Of Elaine May and Mike Nichols

Considering the career of Elaine May and especially the setback--and indeed, kind of setback--Ishtar dealt her career I find myself thinking of her old comedy partnership with Mike Nicholas, and what Andrew Sarris famously said of him very early on in his career (way back in 1968). "No American director since Orson Welles had started off with such a bang"--he was speaking here of that classic, The Graduate--"but Welles . . . followed his own road, and that made all the difference. Nichols seems too shrewd ever to get off the main highway. His is the cinema and theatre of complicity."

So did it seem in the late '80s.

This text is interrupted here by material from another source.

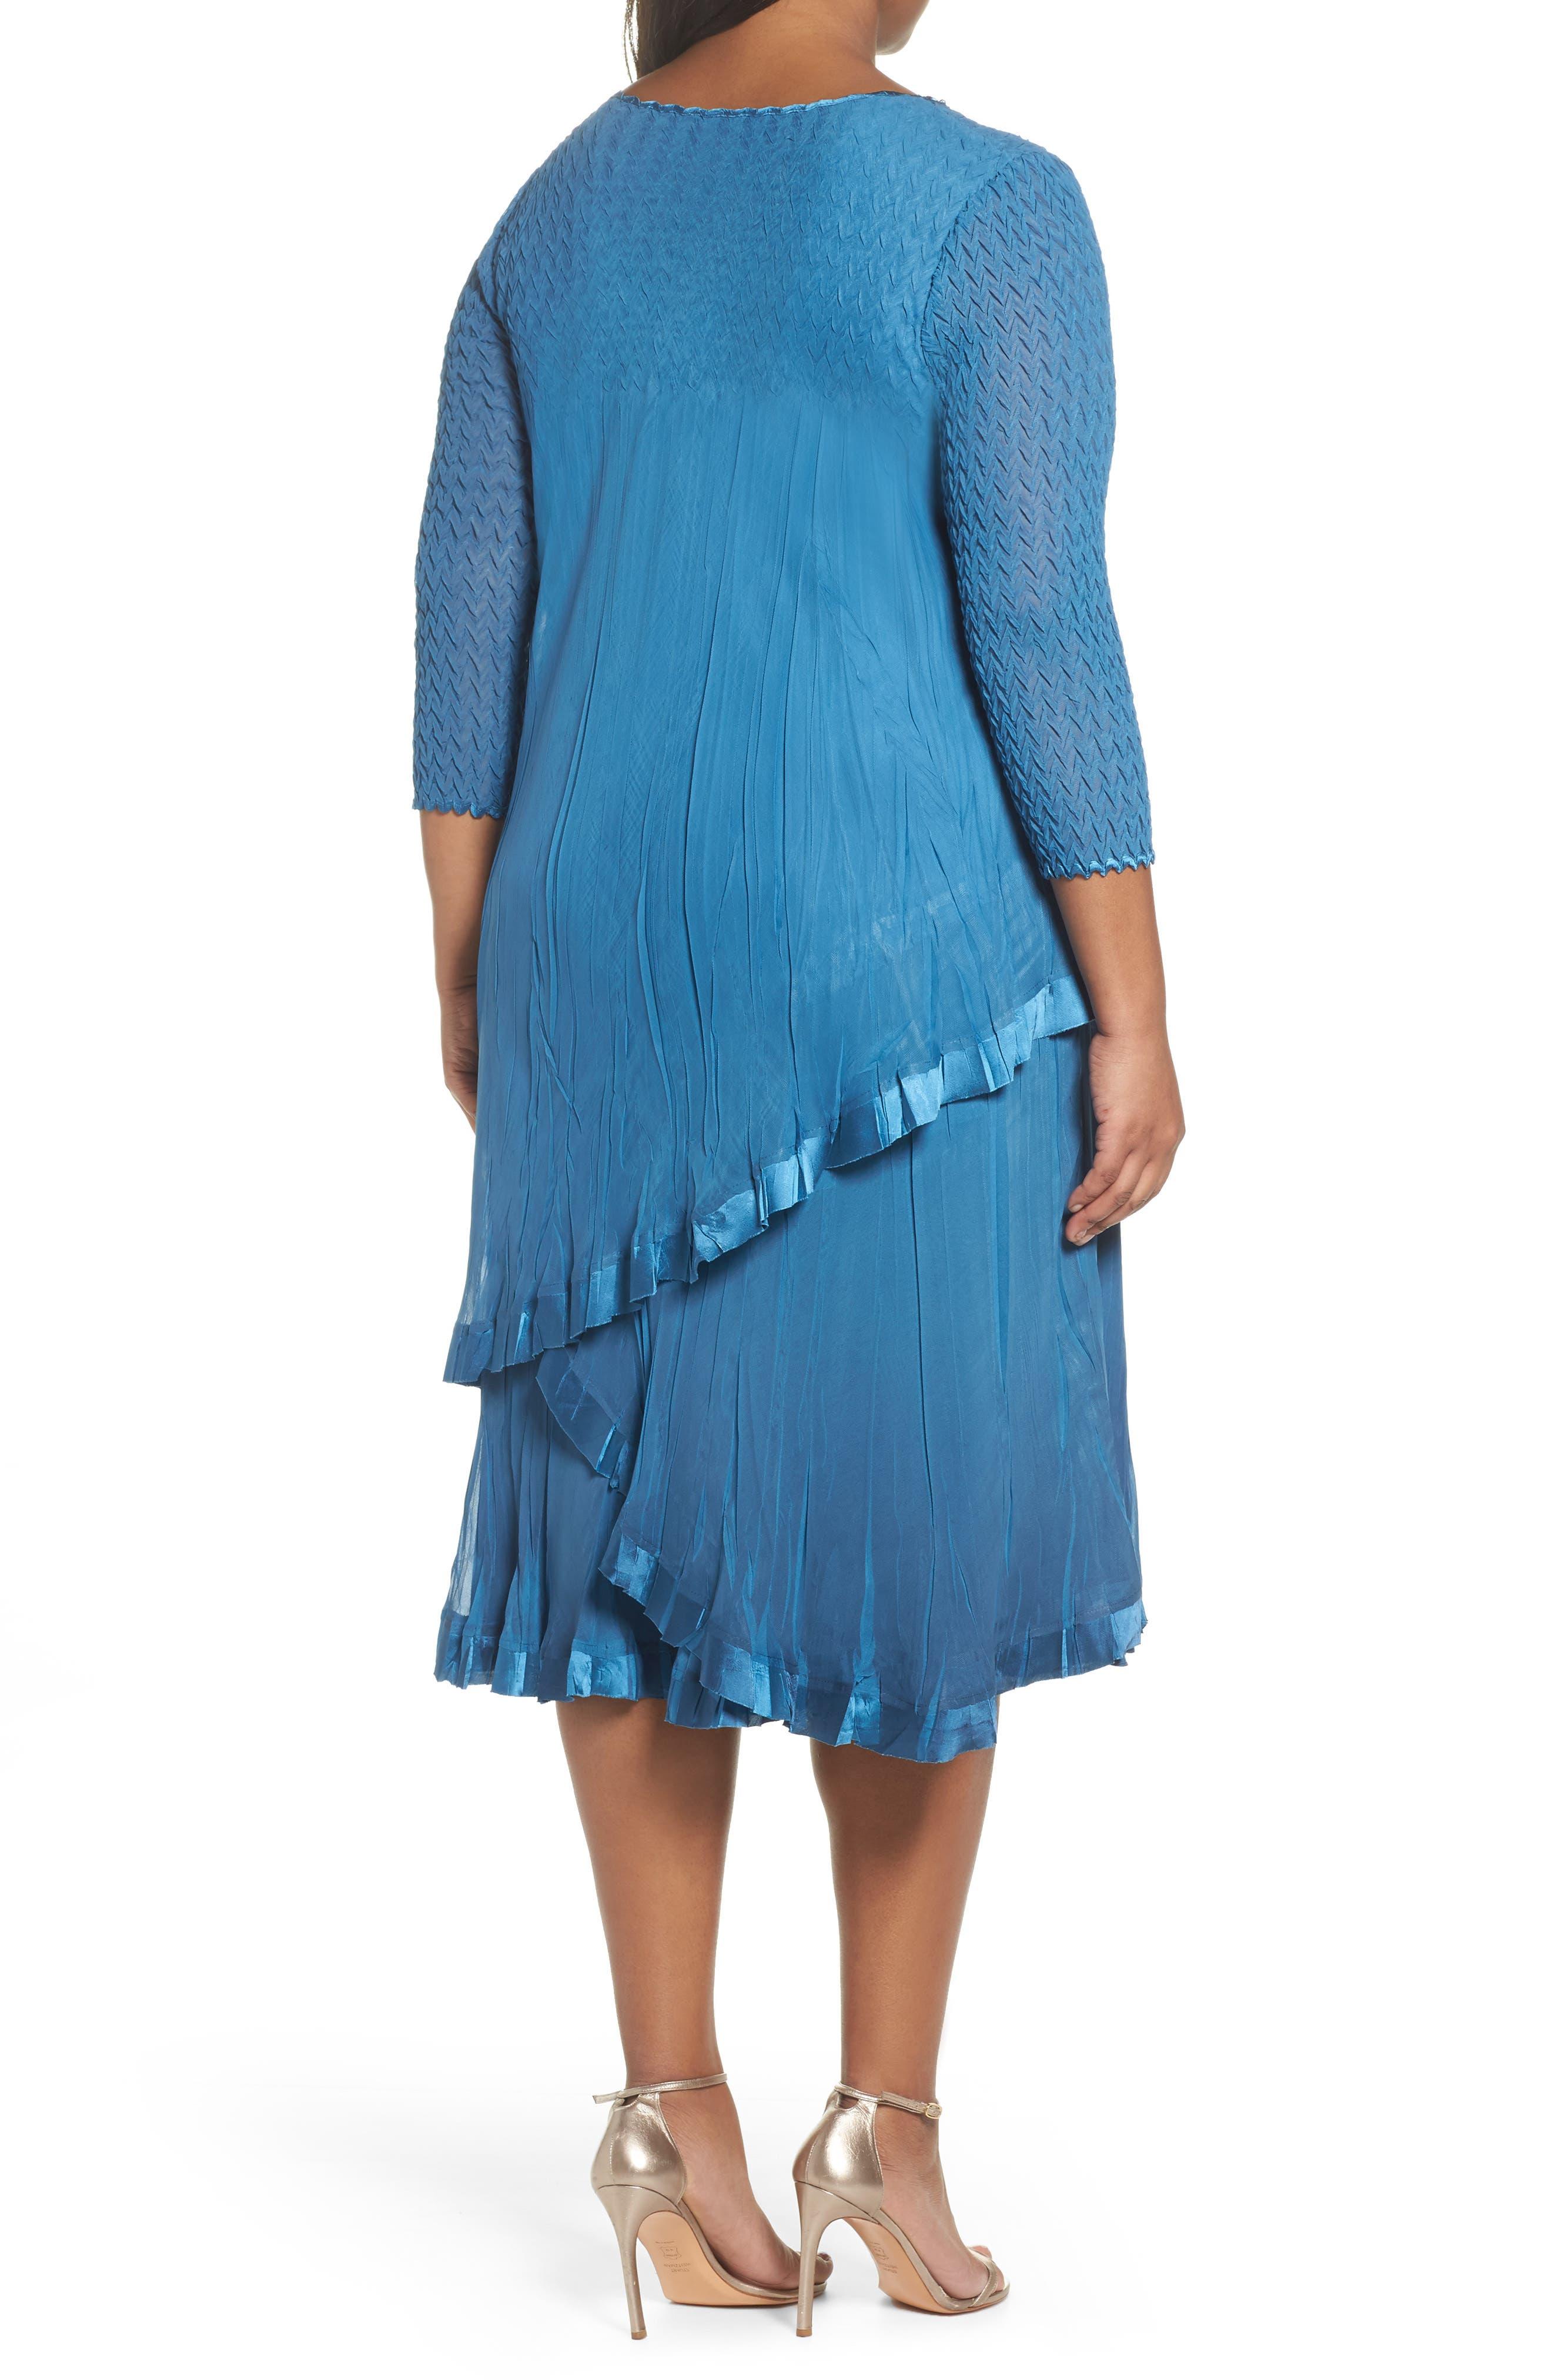 Dress Tiered Chiffon & Charmeuse Dress,                             Alternate thumbnail 2, color,                             400

In the same years in which it would seem that a dislike of its politics fed into the significantly exaggerated and undeserved blowback against Ishtar Nichols, after satirizing conformist careerism with "Plastics, Benjamin," followed that main highway through its hundred and eighty degree turn to exalt Wall Street careerism in Working Girl, with Carly Simon singing a benediction over it as the New Jerusalem as the final credits roll (Why does no one get how weird this was?), to a far, far friendlier reception than Ishtar got. And then when, for what was ultimately to be his final directorial credit, Nichols turned his hand to a big screen comedy about covert action in the Greater Middle East the result was Charlie Wilson's War--a very different sort of thing, which also got a friendlier reception from the critics (even if, where audiences were concerned, one not as friendly as its backers seem to have hoped). Thus does Sarris' criticism of Nichols stand a half century on--not only in contrast with Welles, but with May, whom it seems found a milieu even less friendly to going one's own way than Welles did in the years of William Randolph Hearst's rage, studio boss control, and the blacklist.